Supplied material:
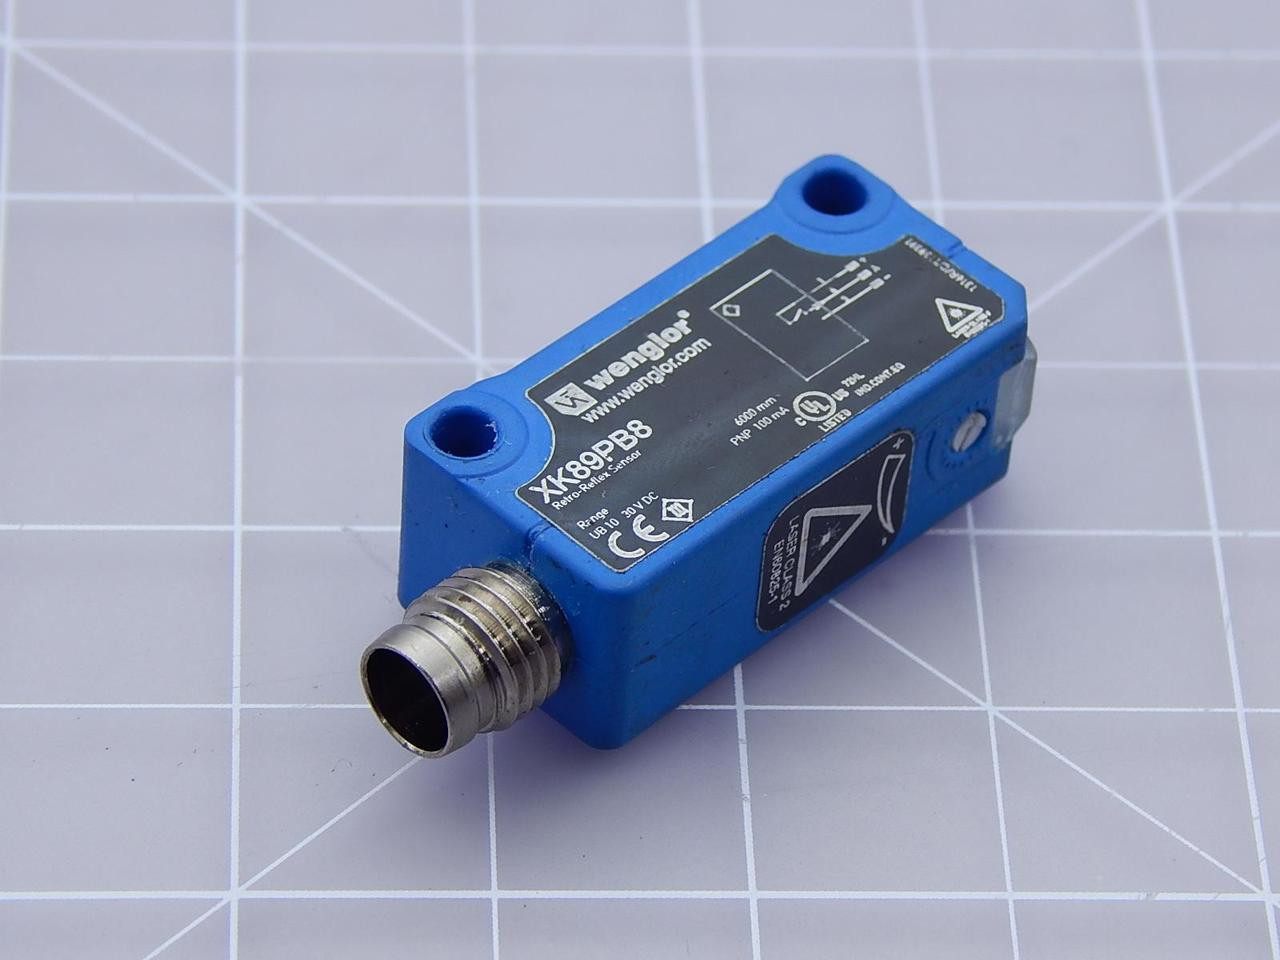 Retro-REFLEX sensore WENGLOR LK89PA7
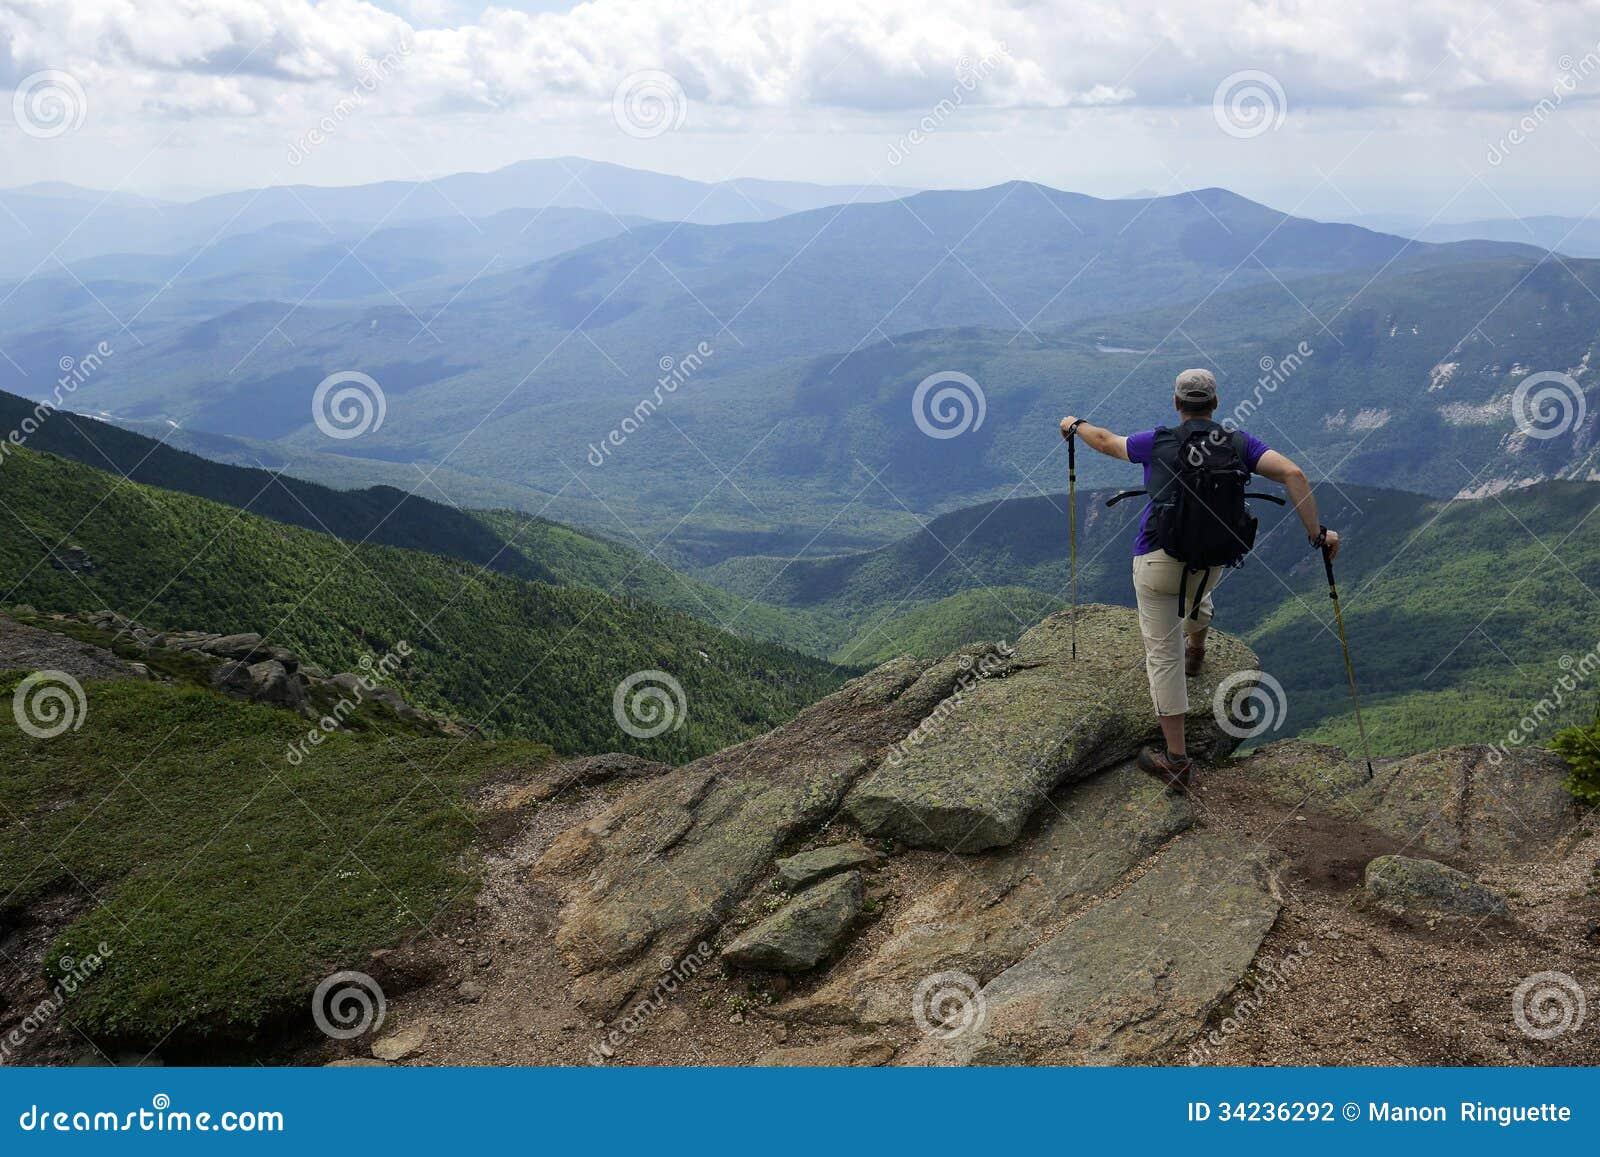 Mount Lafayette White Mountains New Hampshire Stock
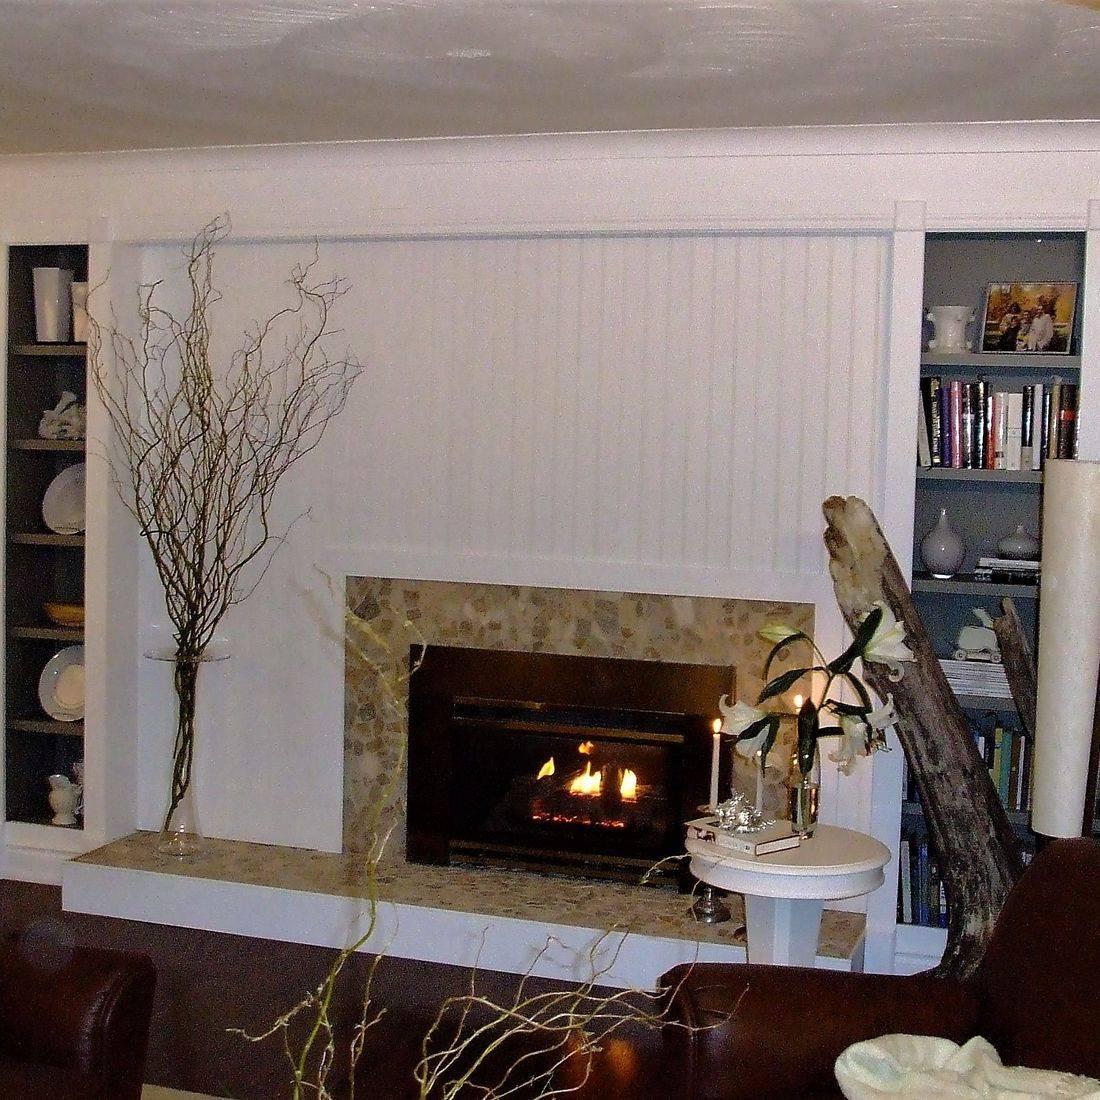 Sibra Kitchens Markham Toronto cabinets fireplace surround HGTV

Exercise instructions:
Set down the material exactly as given, but print none of the pictures.

Response to this task:
 Retro-REFLEX sensore WENGLOR LK89PA7
 Mount Lafayette White Mountains New Hampshire Stock
 Sibra Kitchens Markham Toronto cabinets fireplace surround HGTV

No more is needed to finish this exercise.